Neste panorama pavimentado para o retorno
do neoliberalismo, o costumeiro laissez-faire
atropelador da legislação ambiental tende a vir mais forte. Vários projetos de lei tramitam no Senado e na Câmara com este intuito. E, paradoxalmente, este e outros profissionais,
no caso do biólogo, que mais estudam e trabalham para a gestão e o resgate da vida ecossistêmica com maior
equilíbrio estão sofrendo e perdendo espaço de trabalho.
Os órgãos ambientais, sob a lógica crematística, governados por políticos de visão meramente eleitoral, financiados por empresas degradadoras, impõem forte restrição à atuação do biólogo e de outros
profissionais da área ambiental, que emprega, ou deveria empregar, muita gente. Os estudos de impacto
ambiental de baixa qualidade acabam sendo forçados a serem aceitos, por parte
de chefias, desqualificando trabalhos importantíssimos e mantendo a
mediocridade e a propaganda enganosa por parte de empresas nos EIA-RIMAs.
Sendo assim, não nos resta outra alternativa
que reverenciarmos o preparo técnico e nossas armas, via valorização de nossa biodiversidade vilipendiada, o conhecimento biológico na saúde, entre outras
áreas, e irmos para a luta denunciando o ataque à nossa profissão, resgatando a
economia verdadeira e a ecossoberania nacional. Os indicadores ambientais nunca
estiveram tão de nosso lado. Existem milhares de espécies em via de extinção, e
isso agora ninguém mais pode negar. As mudanças climáticas de origem da
economia “business a usual” também são incontestáveis. Os ecossistemas e os
biomas brasileiros devem ser melhor estudados, manejados e mantidos, também
gerando renda quando possível, de forma sustentável, combatendo-se as
monoculturas, inclusive as pesquisas que as incrementam. Os cursos de água e a
atmosfera necessitam estudos com bioindicadores e monitoramentos, bem como a saúde
humana depende da saúde ambiental.
Temos várias espécies desconhecidas para
a Ciência. Algumas estarão desaparecendo embaixo de um megaempreendimento, sem
sequer sabermos de sua existência.

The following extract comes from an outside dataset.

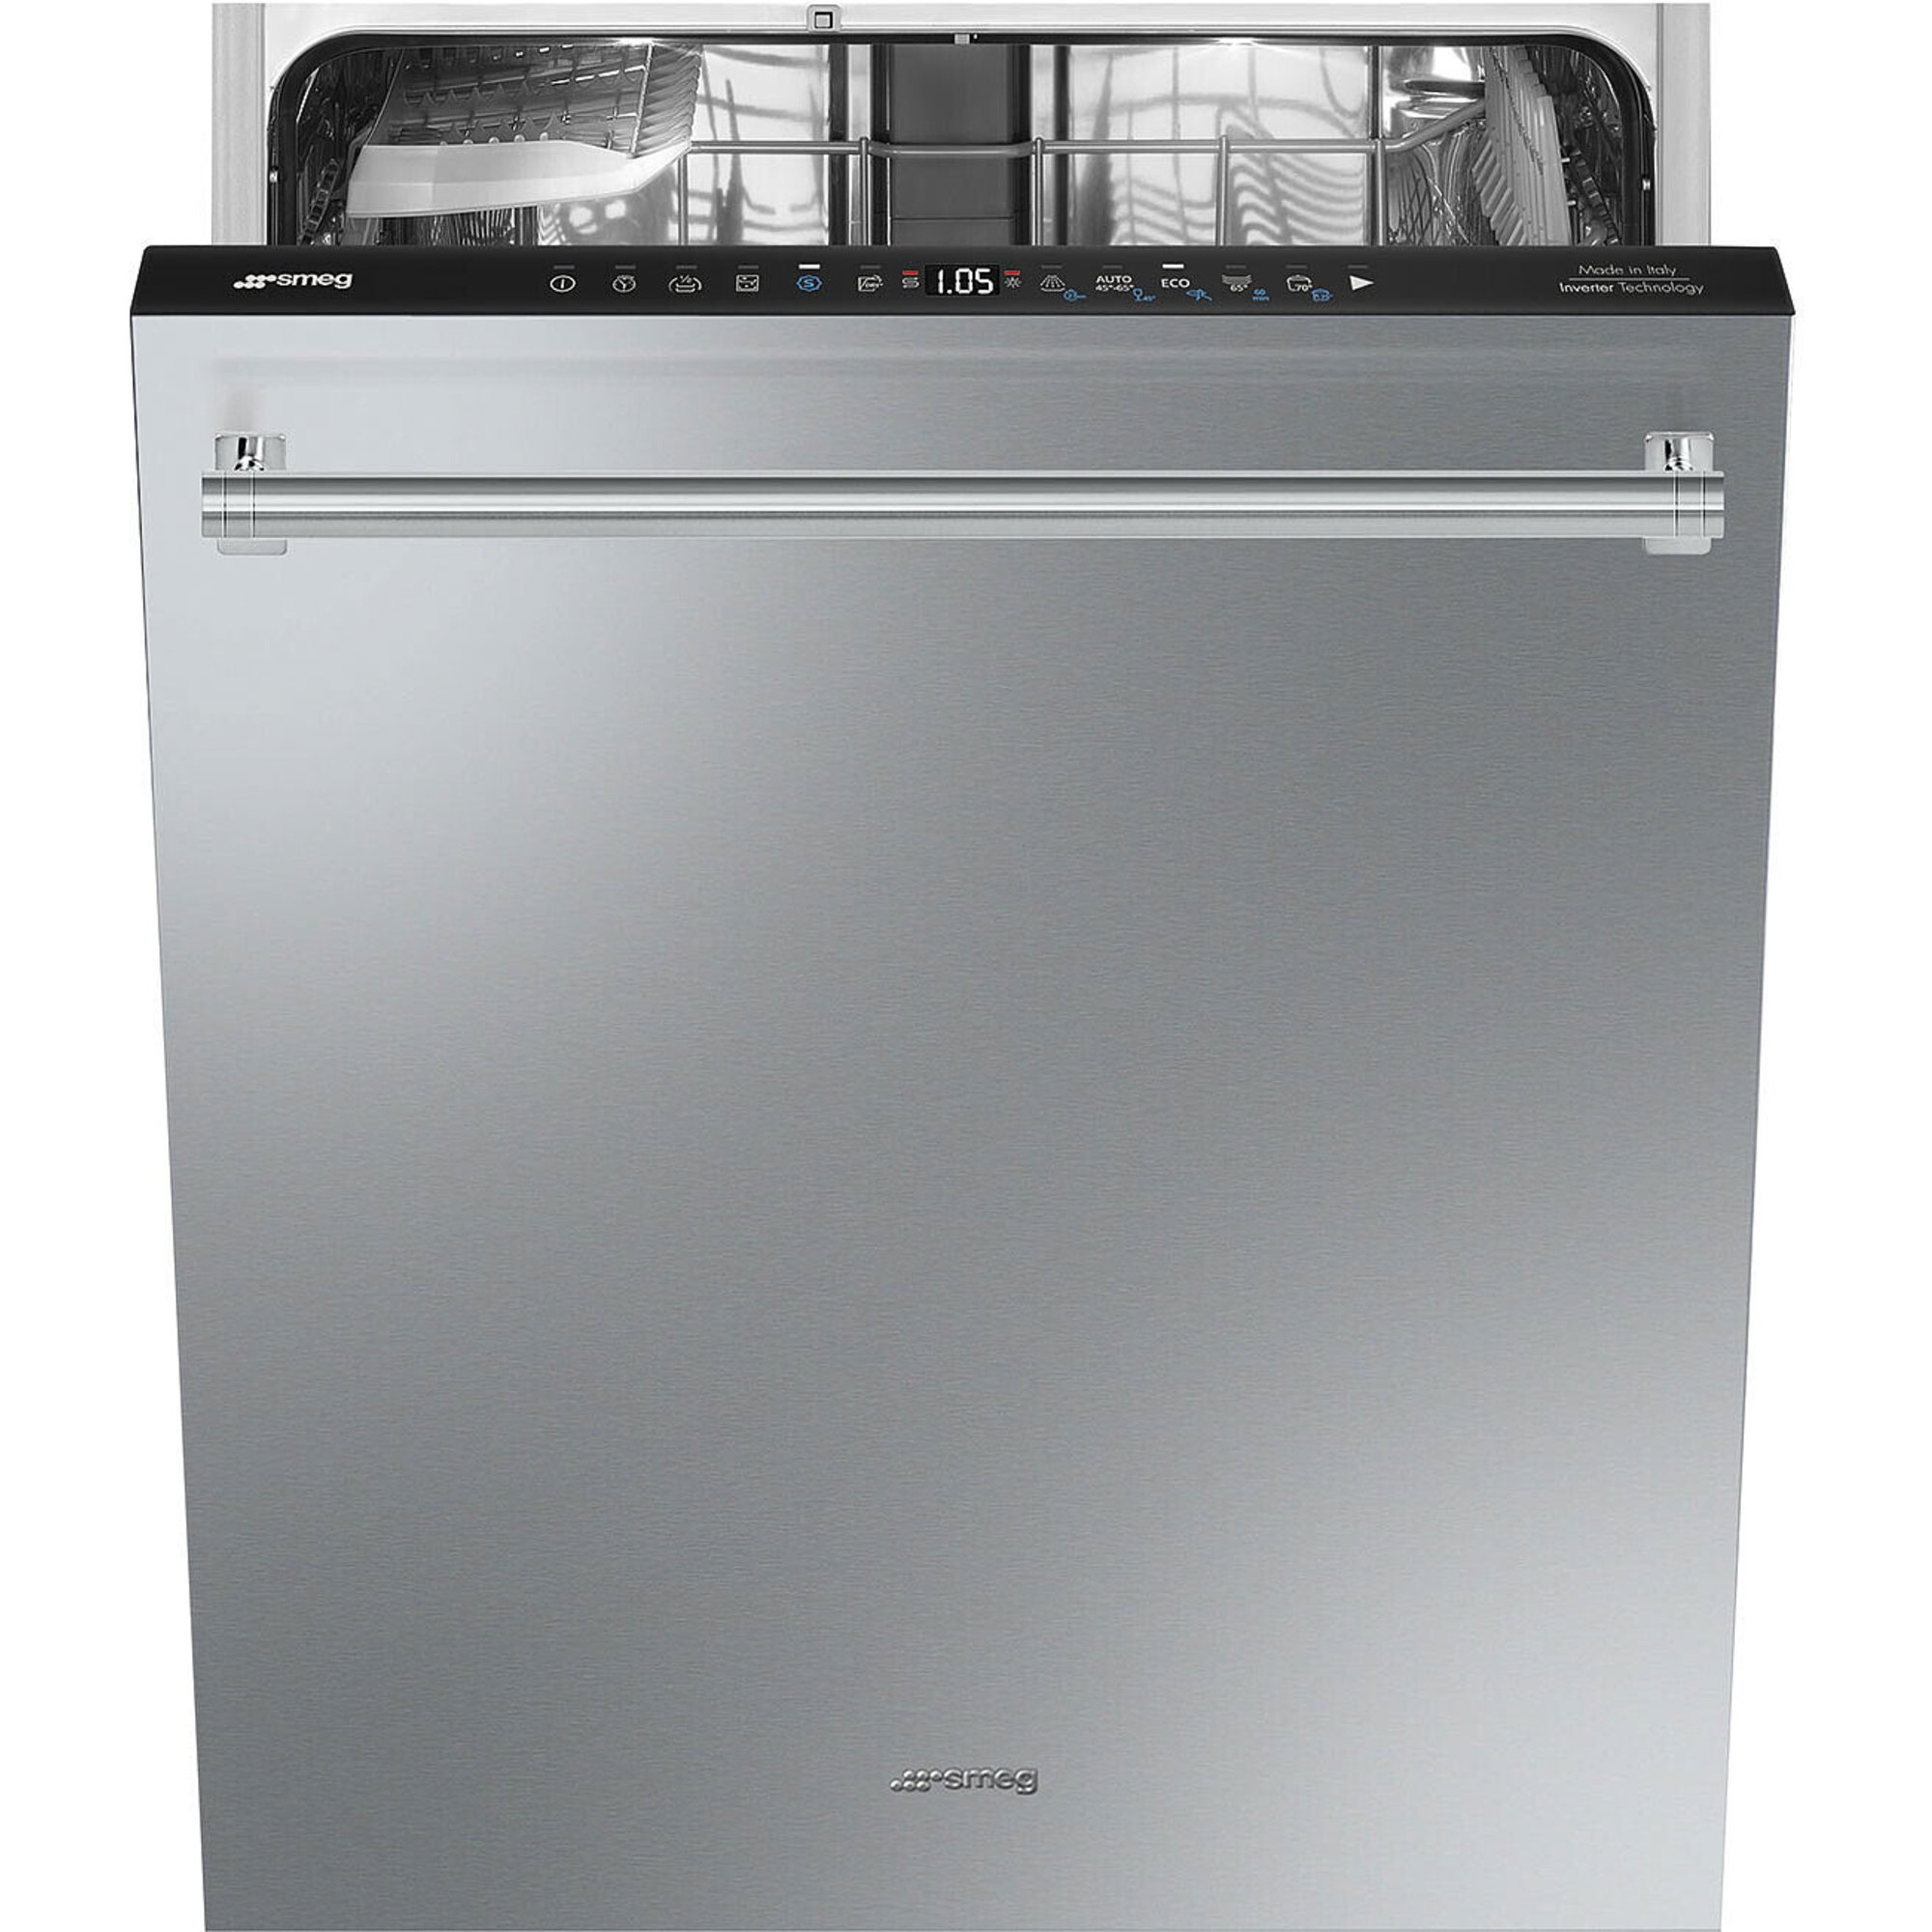 Billede af Smeg STX235CLLO opvaskemaskine til underbygning
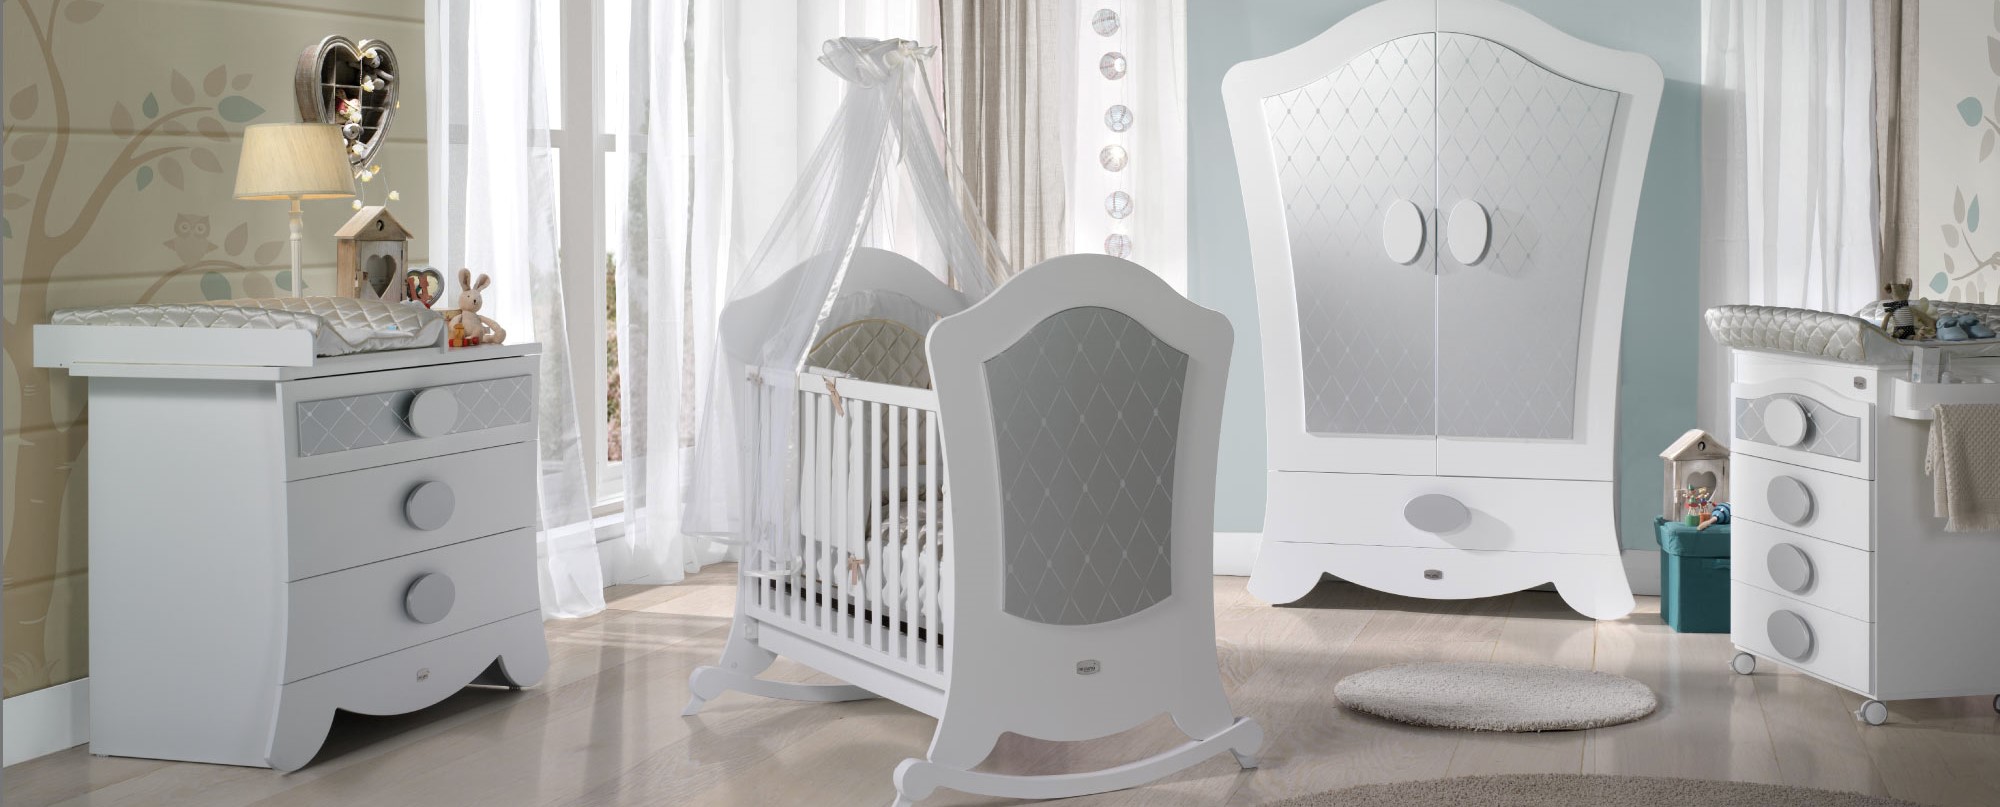 baby room , مفروشات-و-ديكورات- اعلن مجاناً في منصة وموقع عنكبوت للاعلانات المجانية المبوبة|photos/2018/03/slider1-baby-room.jpg

Temos, por exemplo, cinco mil espécies de
plantas alimentícias e de outros tantos usos que dependem de biólogos,
agrônomos, nutricionistas e outros profissionais para seu maior desenvolvimento
aqui, já que dezenas delas já são alvo de biopirataria e fazem parte
privilegiada da economia de outros países. Os diferentes órgãos de saúde e de
meio ambiente devem valorizar este tema, que depende do conhecimento do biólogo.
O trabalho técnico não deve se curvar ao assédio moral, situação que é considerada crime, pois representa tentativa de impor o silêncio a este profissional que defende a vida. Situações que
acontecem rotineiramente devem ser colocadas para fora e denunciadas, inclusive
com processos na Justiça. Nisso, é necessário que não se tenha medo de delatar
este tipo de ação no serviço público e também privado, em especial
nos órgãos ambientais. Os chefes das pastas ambientais em todos os âmbitos, que
tentam impor aos profissionais da área ambiental sua ingerência política, devem
receber um basta de parte da Justiça. E os profissionais que trabalham na área
técnica devem ter estabilidade, via realização de concursos, para que possam
exercer de sã consciência sua profissão.
Mas para isso, o tratamento destes temas e a superação desta situação de estrangulamento da profissão, num dos momentos de maior necessidade, os Conselhos Federal e Regionais de Biologia, os Sindicatos de Biólogos e outras
agremiações, organizações ou articulações tornam-se fundamentais para que o
biólogo consiga exercer sua profissão, plenamente, com dignidade e alegria.